When we talk about a mobile offering we’re not talking about our users just doing the same things they do now but on a fancy piece of kit. We’re not talking about something which takes longer to do than pen and paper. We’re not talking about something that isn’t designed in every inch and detail to meet the process it’s adopted into. We’re not talking about something that forces you to complete seemingly unnecessary tasks in order to do what you want to, and we’re certainly not looking for you to still have to carry around slips of paper and miniature pens to fill in the gaps that mobile can’t quite fill.
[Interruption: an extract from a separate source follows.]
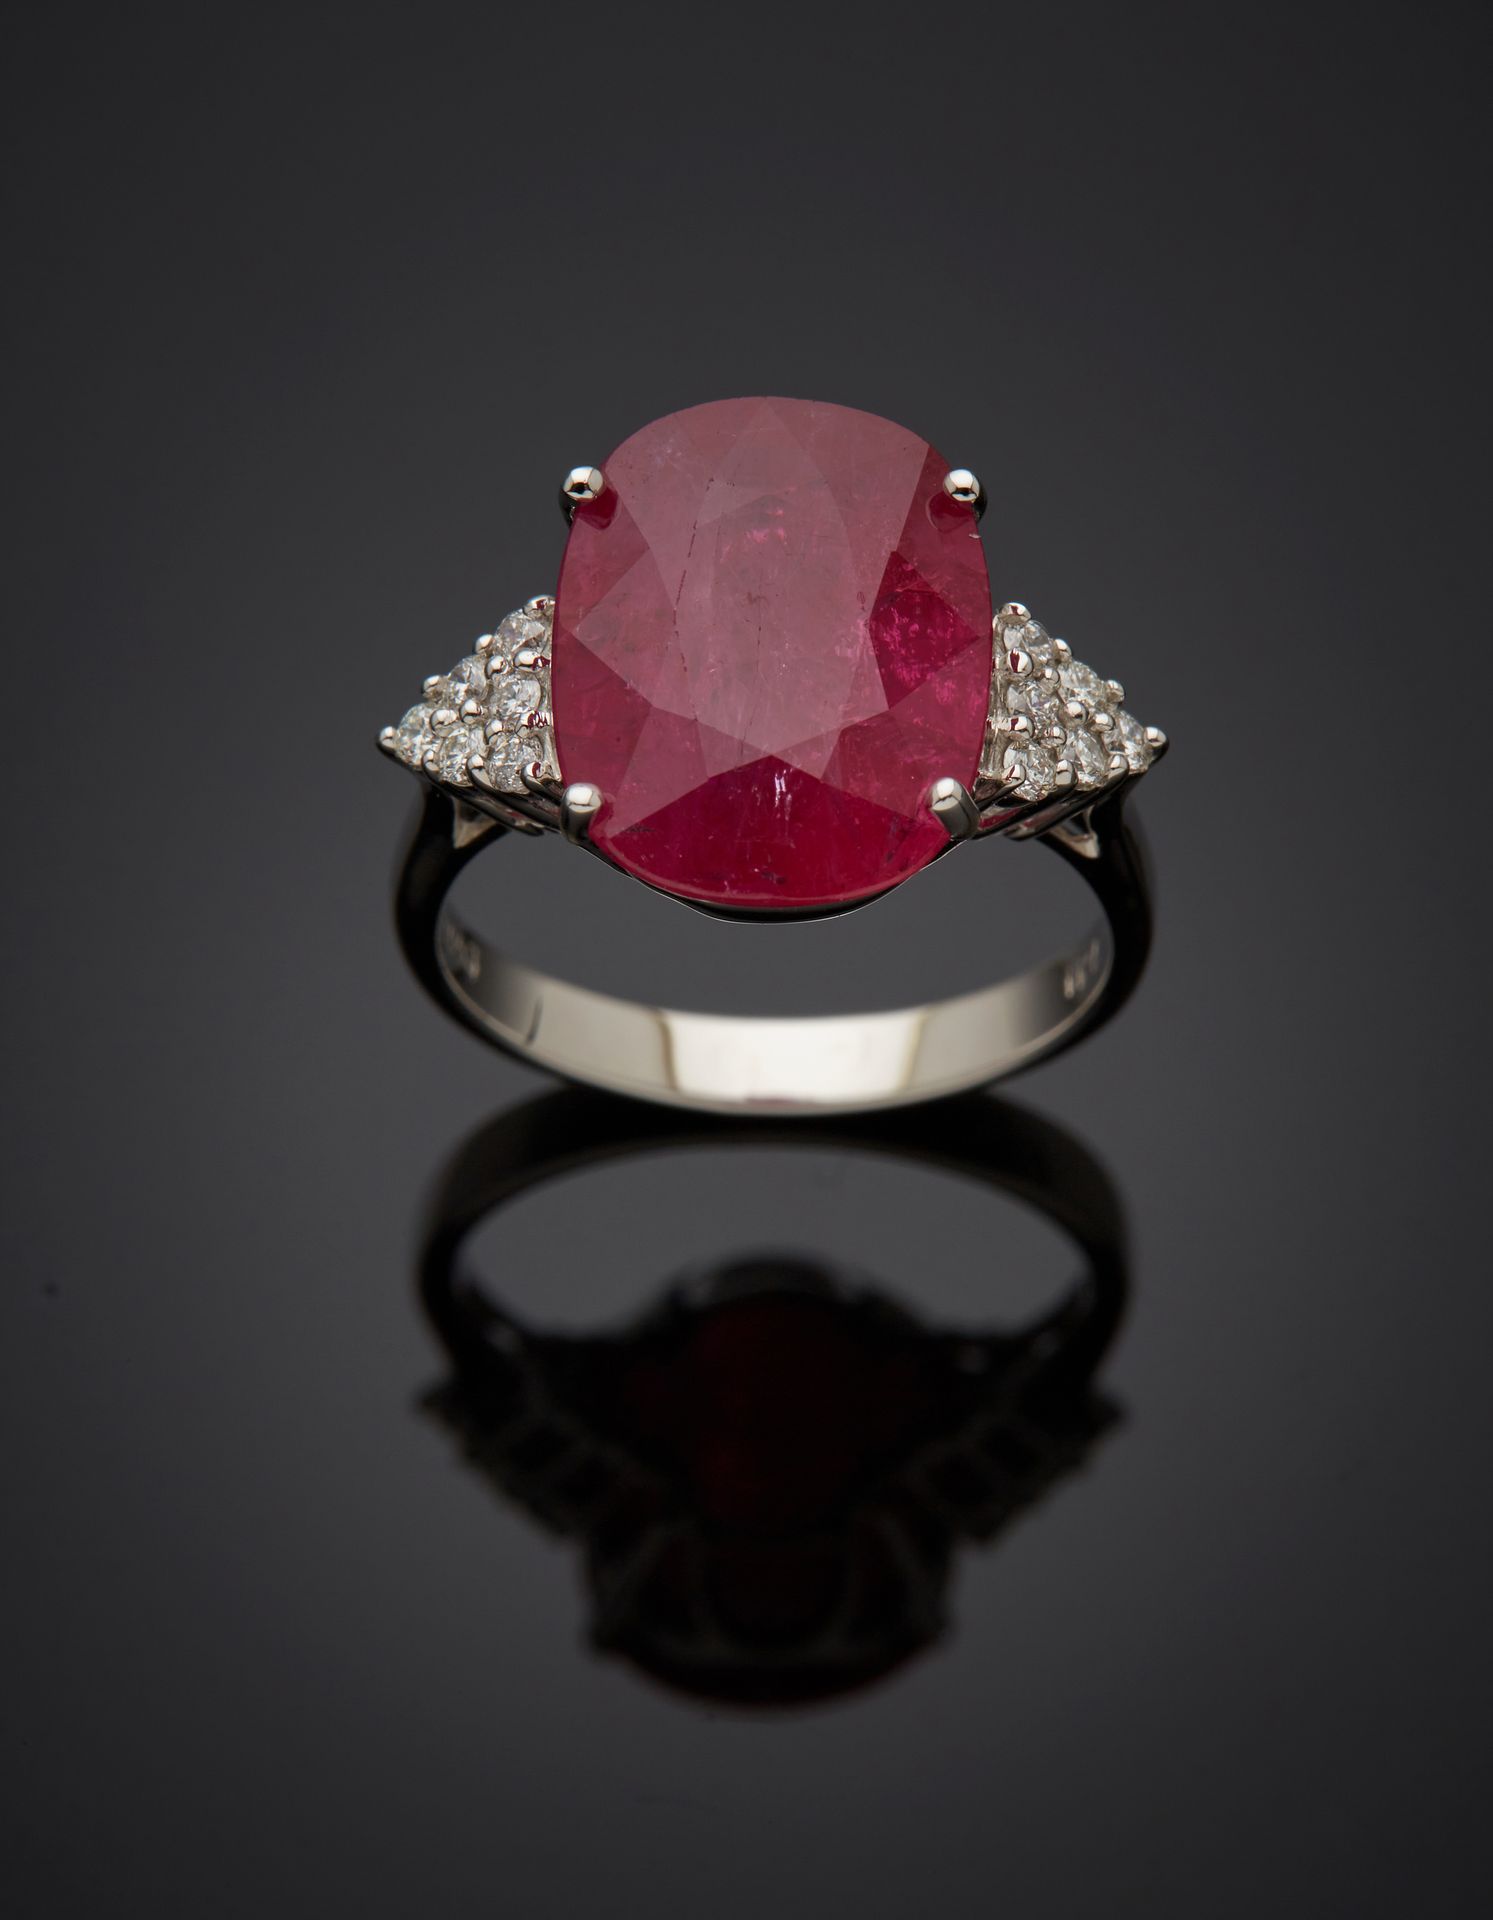 Null 一枚白金戒指（750‰），镶嵌着一颗重达7.1克拉的椭圆形红宝石，肩部有12颗明亮式切割钻石。 
指头：54。总重量：4.7克。

The Sales assistant didn’t need an iPad connected to a website – he needed a bit of kit linked live to the stockroom of the store he was in, which was specifically designed so that he could beat the customer system.

One which had a homepage constantly updating itself to say what was happening with the stock levels of this years best Xmas sellers (in that area), or what was happening with the stock of the items sold most that day (in that store and the nearest ones) or offering a multitude of alternatives for the things which were out of stock.

scanning-qr-codes

One which at the touch of an optimally sized button could text a customer the stock codes they need or a QR-Code image which they could use to buy it later or even better they could just complete the order for them and text them their order number … etc etc etc.

He needed something intuitive to use and which knew the tasks he was likely to try and perform and subsequently live up to his role as an, ‘Assistant’. Not some flimsy half hearted attempt at being ‘mobile’ and flashy.

Or failing that he could have used some sense –we don’t always need to rely on technology, often we just need to look at what is right in front of us all along.